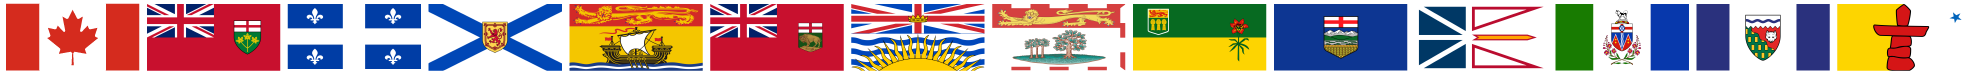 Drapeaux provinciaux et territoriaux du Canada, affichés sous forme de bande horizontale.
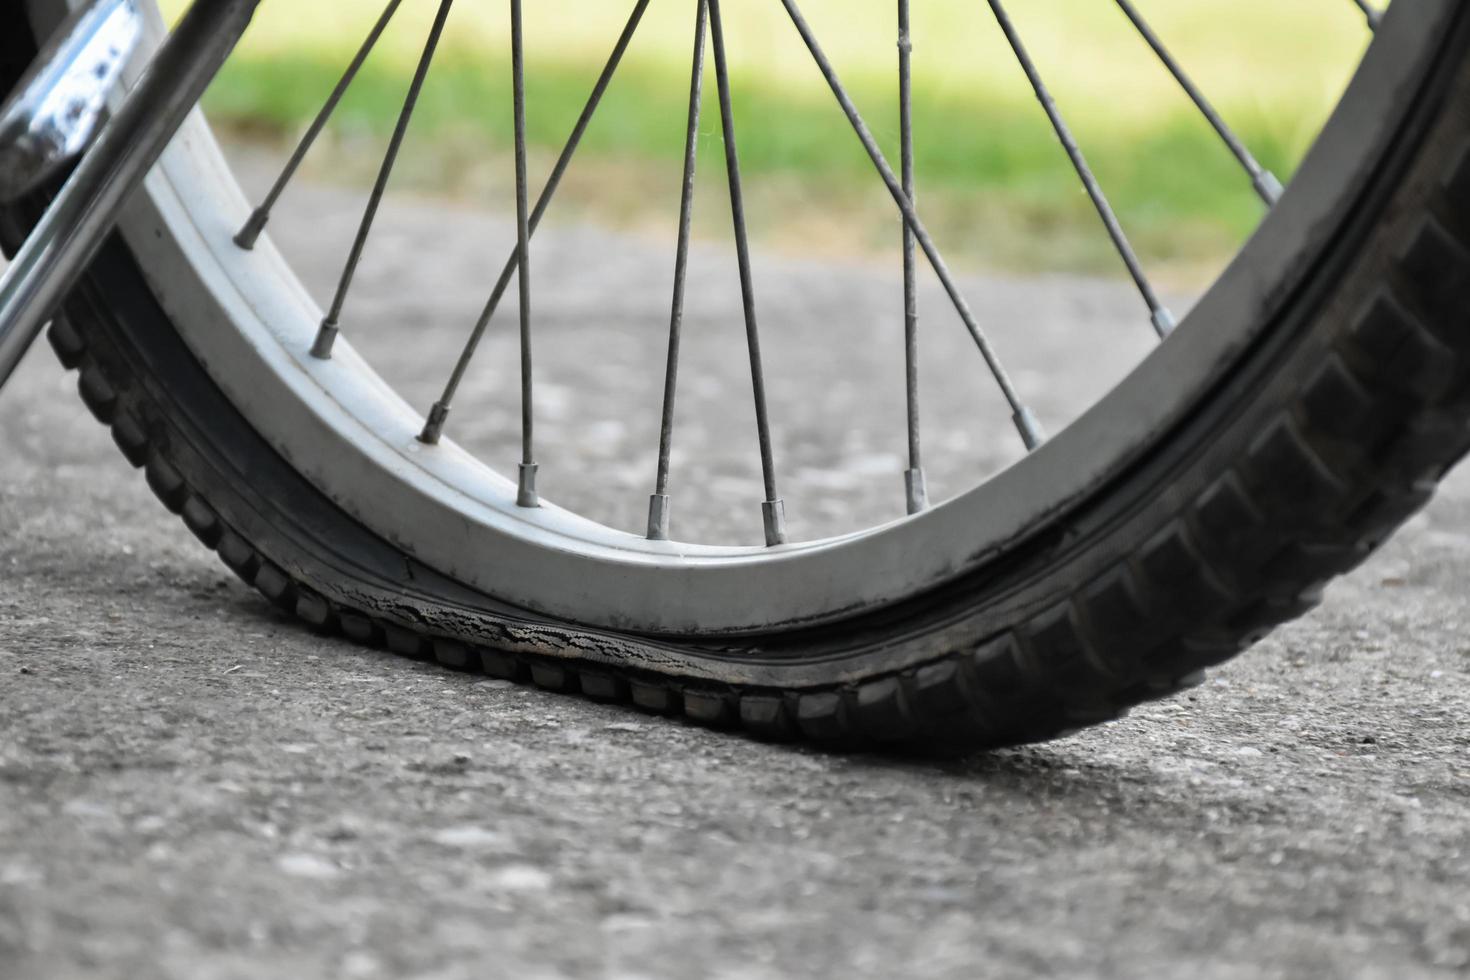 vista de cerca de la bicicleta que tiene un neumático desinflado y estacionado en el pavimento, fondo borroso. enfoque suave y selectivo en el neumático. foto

==

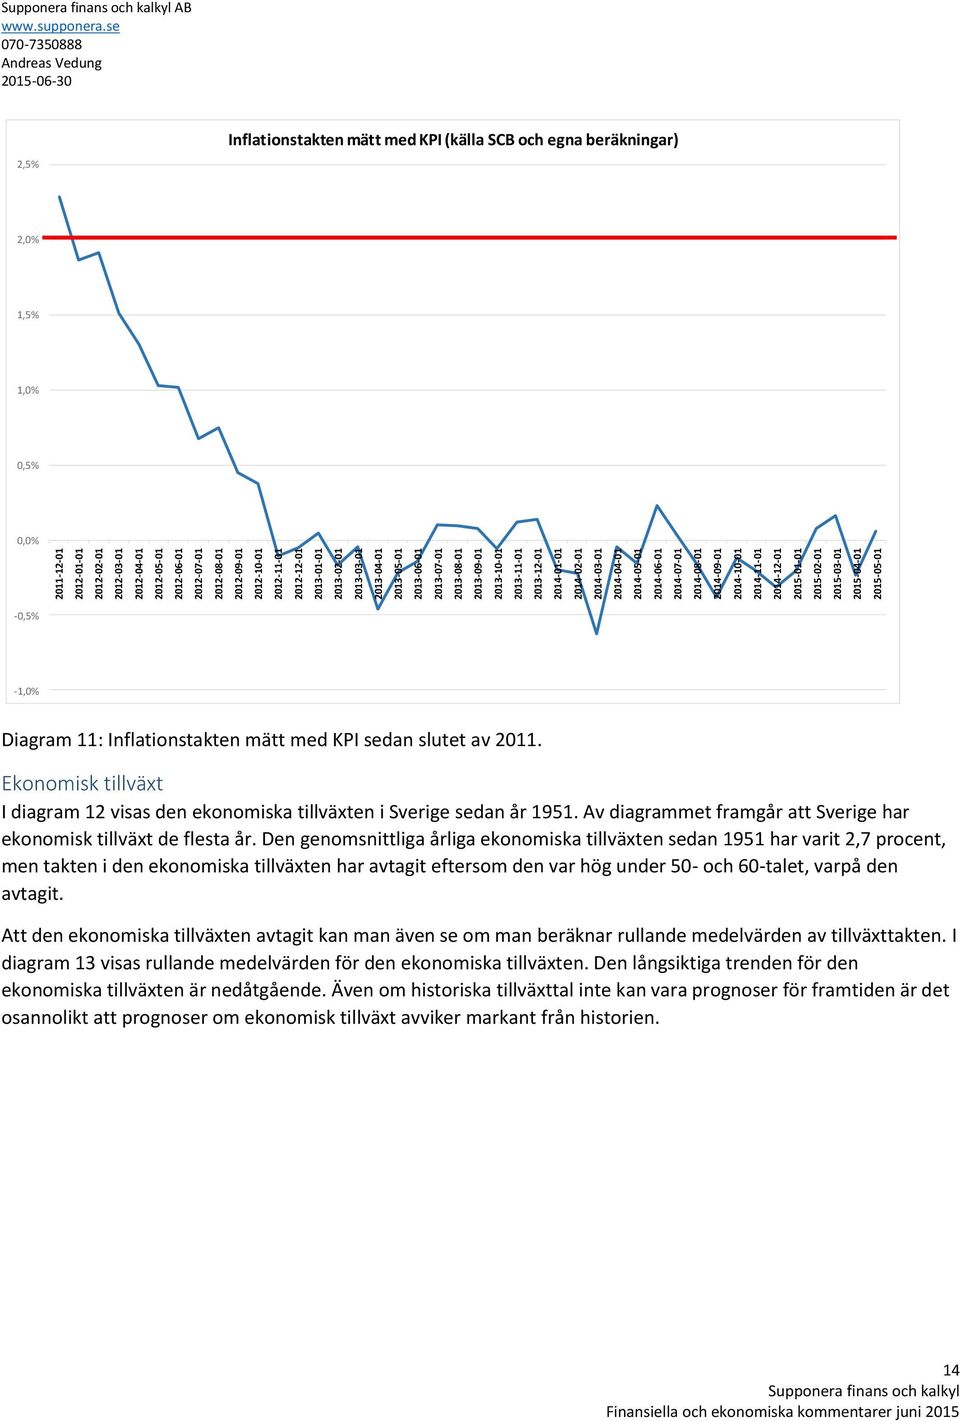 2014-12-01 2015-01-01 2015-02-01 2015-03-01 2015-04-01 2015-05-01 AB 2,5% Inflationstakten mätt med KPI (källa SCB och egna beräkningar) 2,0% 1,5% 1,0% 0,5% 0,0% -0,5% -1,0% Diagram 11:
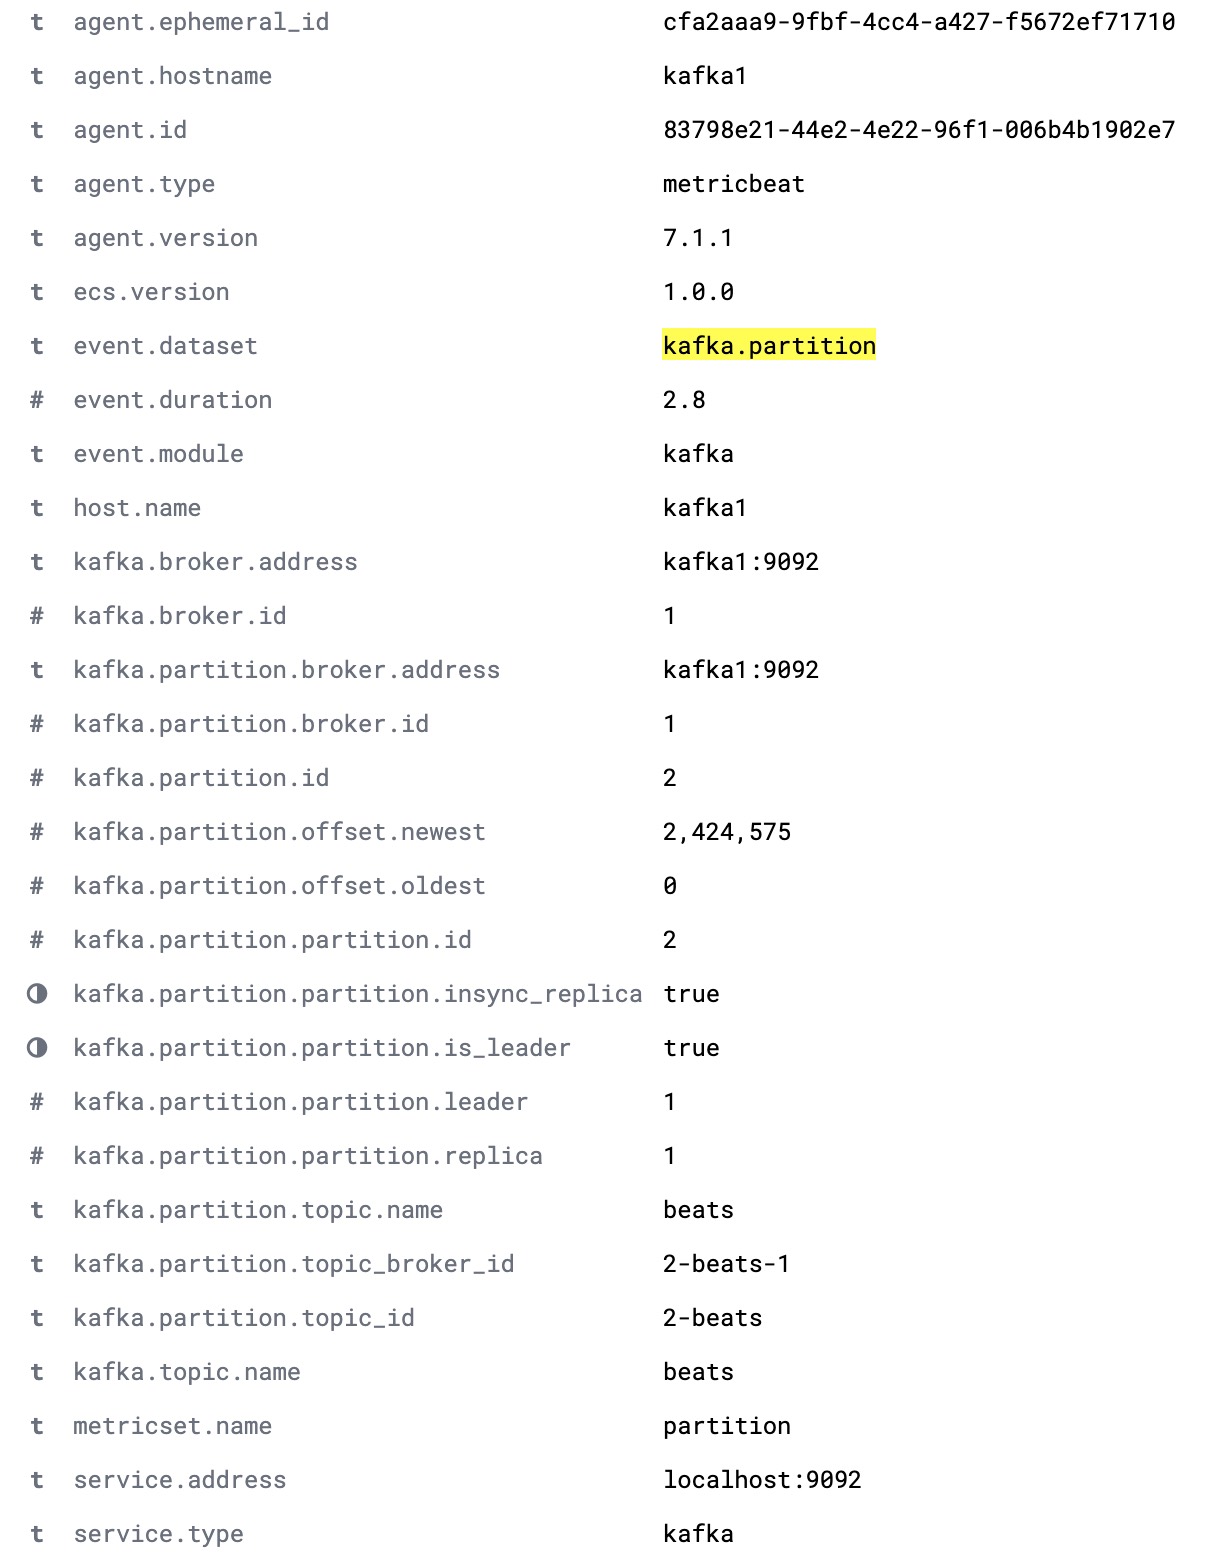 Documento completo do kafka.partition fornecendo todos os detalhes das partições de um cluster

* * *

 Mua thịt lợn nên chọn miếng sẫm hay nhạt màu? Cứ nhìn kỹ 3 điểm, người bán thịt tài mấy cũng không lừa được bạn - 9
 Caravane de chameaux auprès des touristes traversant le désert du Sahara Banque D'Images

### What the task requires
Going back to the data above, write out everything from the line with "Drapeaux provinciaux et" down to the line with "vista de cerca", both included, leaving every picture out.

### Task result
 Drapeaux provinciaux et territoriaux du Canada, affichés sous forme de bande horizontale.
 vista de cerca de la bicicleta que tiene un neumático desinflado y estacionado en el pavimento, fondo borroso. enfoque suave y selectivo en el neumático. foto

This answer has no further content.